In a classical regression tree, we follow a decison process as before, but the outcome is real number.

Within each leaf, all inputs are assigned that same number.

With a regression problem we cannot split nodes the same way as we did for classification.

Instead by split by the residual sum of squares.

In classical trees all items in a leaf are assigned the same values. In this model, all are given \(\theta \) for a parametric model.

This makes the resulting trees smoother.

We have some \(\hat y_i = f(\mathbf x_i, \theta ) + \epsilon \)

The approach generalises classic regression trees. There the estimate was \(\bar y\). Here it’s a regression.

At each node we do OLS. If the \(R^2\) of the model is less than some constant, we find a split which maximises the minimum of the two new \(R^2\).

Previously our decision tree classifier was binary.

We can instead adapt the mixed tree model and using a probit model at each leaf.
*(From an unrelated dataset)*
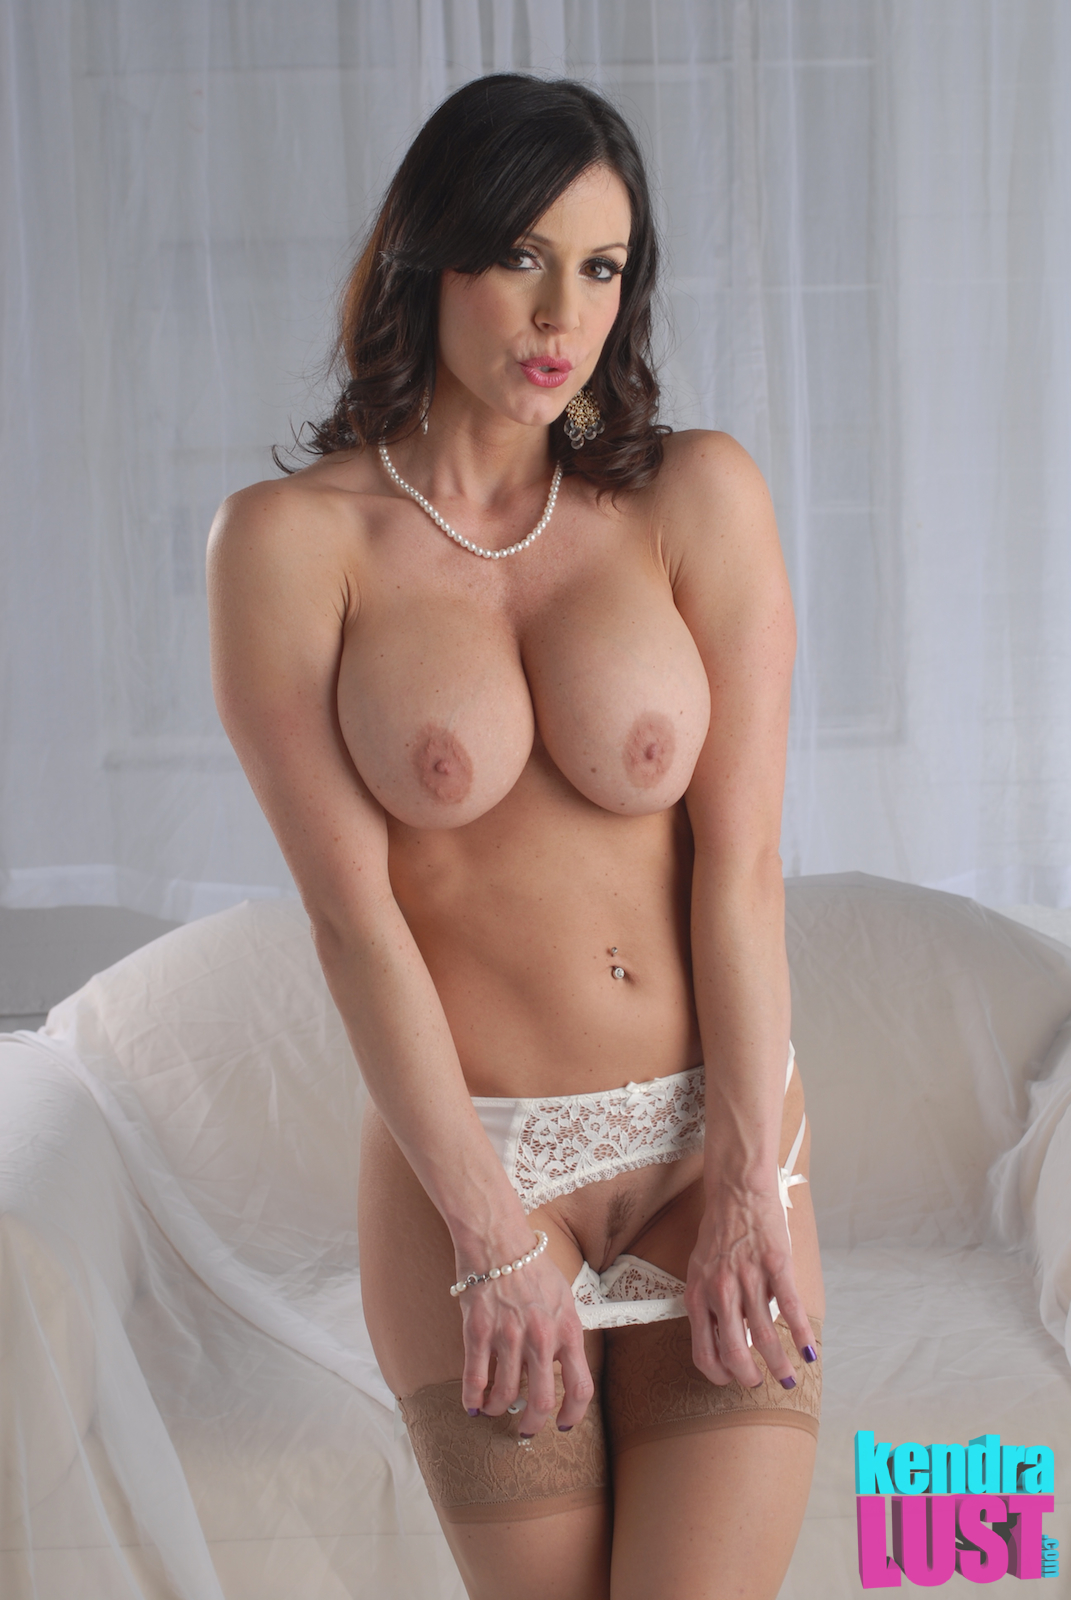 kendra white pornstar

We can define a tree as a set of nodes: \(T\).

For each node we define a splitting variable \(k\) and a splitting threshold \(r\).

Our prior is \(P(T, k, r)\).

We split this up to:

\(P(T, k, r)=P(T)P(k, r|T)\)

\(P(T, k, r)=P(T)P(k|T)P(r|T, k)\)

So we want to estimate:

\(P(T)\) - The number of nodes.

\(P(k|T)\) - Which variables we split by, given the tree size.

\(P(r|T, k)\) - The cutoff, given the tree size and the variables we are splitting by.

If at the leaf we have a parametric model, our prior is instead:

\(P(T, k, r, \theta )=P(T)P(k|T)P(r|T, k)P(\theta | T, k, r)\)

We then need to additionally estimate \(P(\theta | T, k, r)\).

We can generate a tree with a fixed number of leaves, according to our prior.

As we start the tree we assocaite the root node with a count of all leaves.

As we split a node, the remaining leaf counts are divided between the directions. If there is only one leaf left, we do no further splitting.

Call the collective parameters of the tree \(\Theta =(T, k, r)\) and \(\theta \).

Collectively our prior is defined by \(P(\Theta )\) and \(P(\theta )\)

We want to know the posterior given our data \(X\).

\(P(\Theta | X)=\dfrac{P(X|\Theta )P(\Theta )}{P(X)}\)

\(P(\Theta | X)\propto P(X|\Theta )P(\Theta )\)

We know explore \(P(X|\Theta )\)

\(P(X|\Theta )=\int P(X| \theta , \Theta)P(\theta)d\theta \)

This means our posterior is:

\(P(\Theta | X)\propto P(\Theta )\int P(X| \theta , \Theta)P(\theta)d\theta \)

This can be estimated with MCMC.

We use part of the sample to estimate \(\Theta \), and another part of the sample to estimate the treatment effect.

Unbalanced dataset: more of one class than others.

Can reduce sample of majorit, or synthetically generate minority.